Develop Reference

Quadruple pointer and memcpy() in C

First of all, I know triple and quadruple pointers are bad practice and are ugly, that's not the point of this question, I'm trying to understand how they work. I'm aware using a struct would be much better.
I am trying to write a function that does some memory operations using memmove() and memcpy() on triple and double pointers that are passed-by-reference (or the C version of that).
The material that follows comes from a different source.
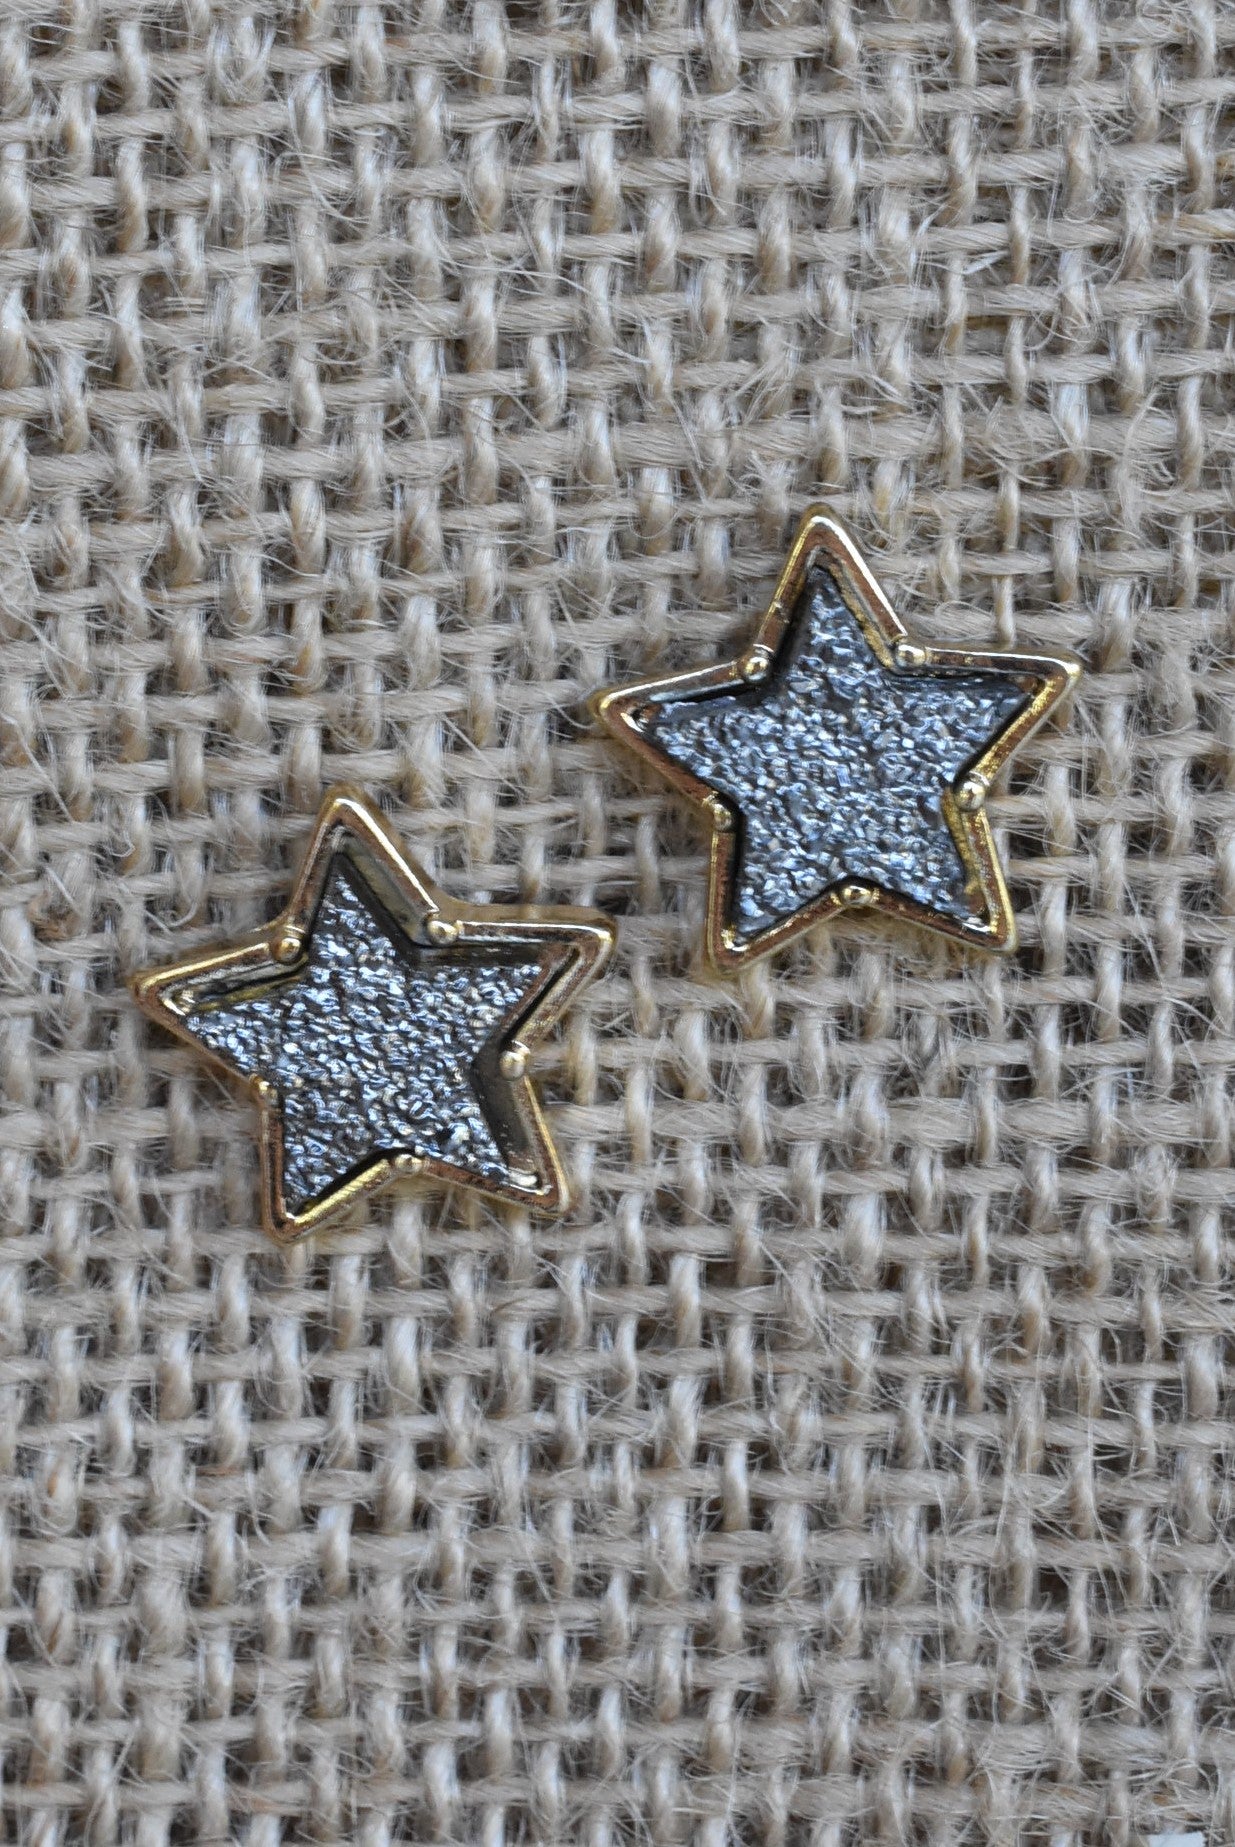 Druzy Star Stud Earrings

My memmove() works fine, but the memcpy() yields a SIGSEGV. Here's a minimal example
#include<stdlib.h>
#include<stdio.h>
#include<string.h>
#define UNDO_DEPTH 25
void boardSave(int ***board, int game_sz, int ****history) {
// Shift history to the right
memmove(*history + 1, *history, (UNDO_DEPTH - 1) * sizeof(**history));
// Copy board into history
for (int row = 0; row < game_sz; ++row) {
memcpy((*history)[0][row], (*board)[row], game_sz * sizeof((**board)[row]));
}
}
int main(){
// Game
int game_sz = 5;
// Allocate array for the board
int **board = calloc(game_sz, sizeof(int *));
for (int i = 0; i < game_sz; ++i) board[i] = calloc(game_sz, sizeof(int));
// Allocate array for the history
int ***history = calloc(UNDO_DEPTH, sizeof(int **));
for (int i = 0; i < UNDO_DEPTH; ++i) {
history[i] = calloc(game_sz, sizeof(int *));
for (int j = 0; j < game_sz; ++j) {
history[i][j] = calloc(game_sz, sizeof(int));
}
}
board[0][0] = 1;
boardSave(&board, game_sz, &history);
}
The objective of boardSave() here is to copy board onto history[0]. What am I doing wrong? Why is this causing a segmentation fault?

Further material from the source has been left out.